Our study also confirmed our second hypothesis regarding reduced adhesion formation to the stem cell-coated mesh after implantation. The reduced formation of adhesions is indicative of less inflammation induced by the prosthetic possibly due to the presence of its own cells on the coated prosthetic that minimize the foreign body reaction. This finding may have important implications for hernia repair. If the presence of own stem cells on the prosthetic minimizes adhesion formation then this may decrease bowel obstruction and fistulization. Furthermore, the decreased foreign body reaction also may prevent the excessive fibrosis that leads to a change in abdominal wall compliance and sense of stiffness and discomfort for the patient and is more pronounced after the implantation of heavier weight and smaller pore size prosthetic [13].

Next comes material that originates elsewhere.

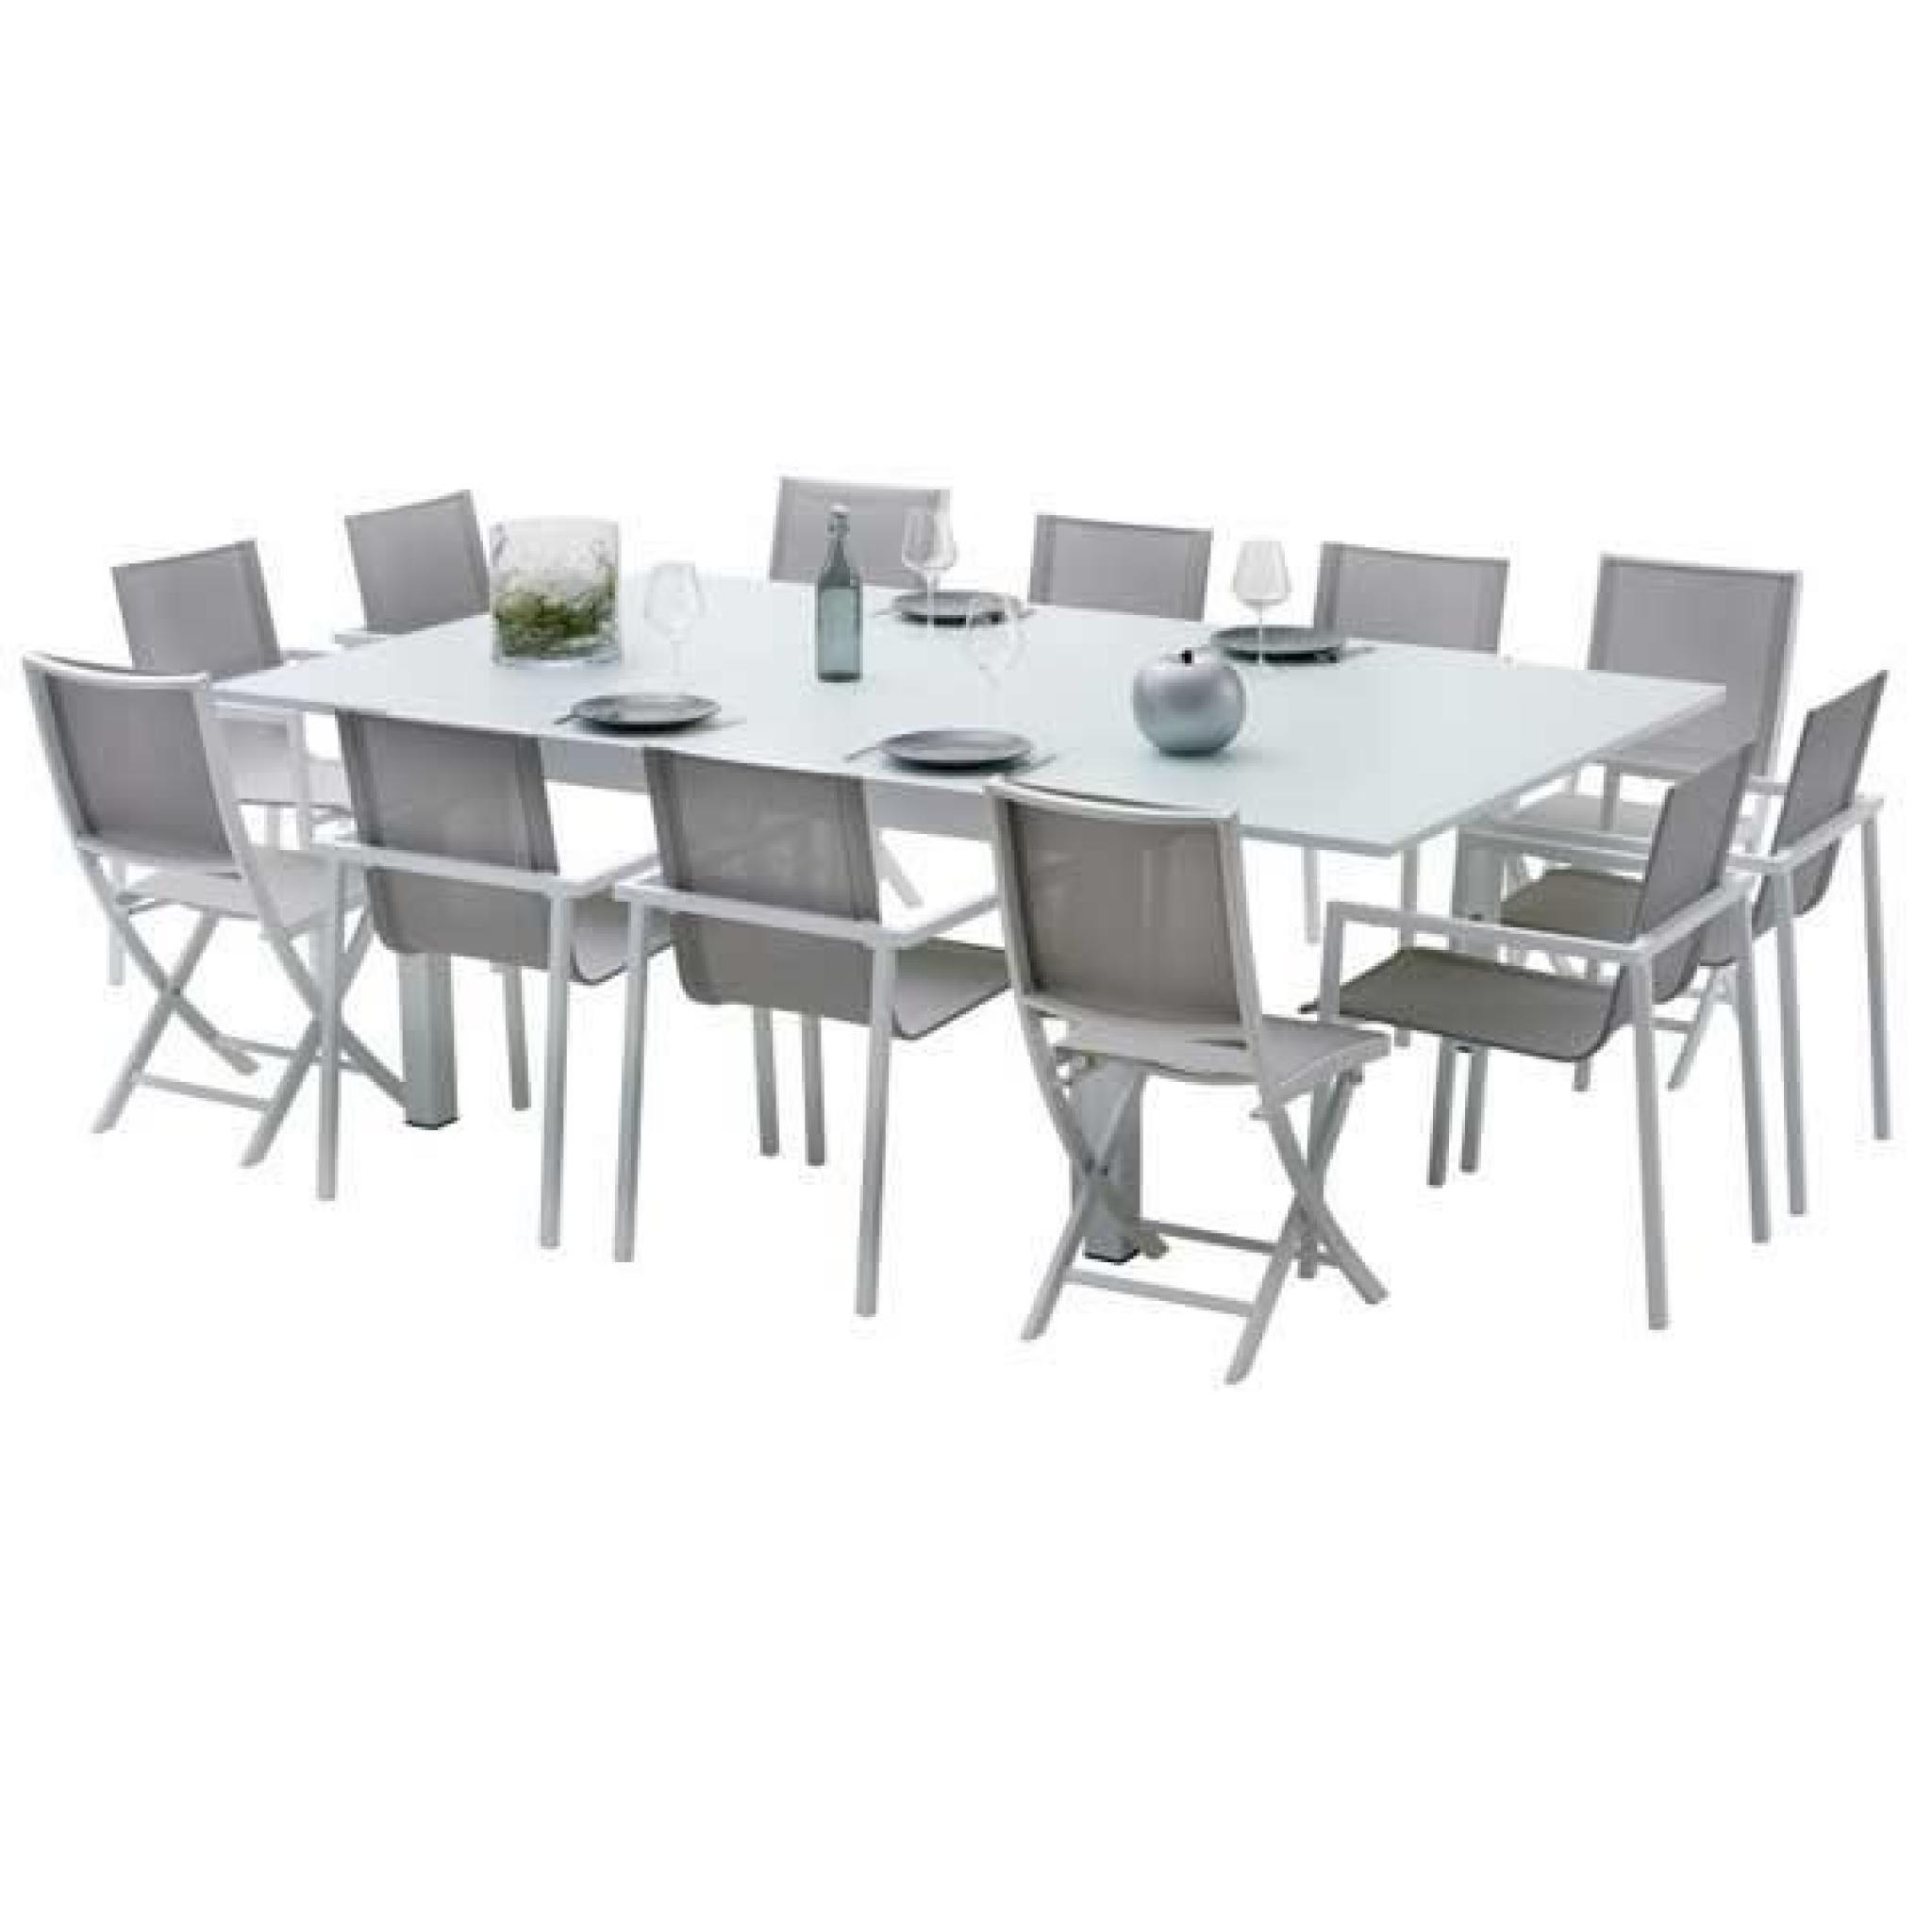 Ensemble Table Et Chaises De Jardin Extensibles Carre Whitestar 8 Places serapportantà Table Et Chaises De Jardin Pas Cher

Our findings are promising; however, further study is needed to better understand the factors that augment or inhibit stem cell growth on prosthetics and if this differentiation can be induced or driven by soluble growth factors or tissue engineered biologic scaffolds. A better understanding may make it possible to grow stem cells on other commonly used prosthetics or may lead to the development of new prosthetics that offer an ideal scaffold for the growth of stem cells. The structural changes of the stem cell-coated prosthetic over time and its incorporation into the host tissues, including tensile strength and compliance testing, needs further study. Ultimately, this concept needs to be evaluated in the human as current studies have shown that mesenchymal stem cells are able to provide a patient with an autologous source of multipotent cells.

Conclusions

Mesenchymal stem cells can successfully incorporate onto Vicryl® prosthetic and reduce the quantity of intraabdominal adhesions in a rat model. Mesenchymal stem cells may diminish the foreign body response to hernia prosthetics and provide enhanced biocompatibility with improved patient quality of life. Further study is needed and is currently underway in our laboratory.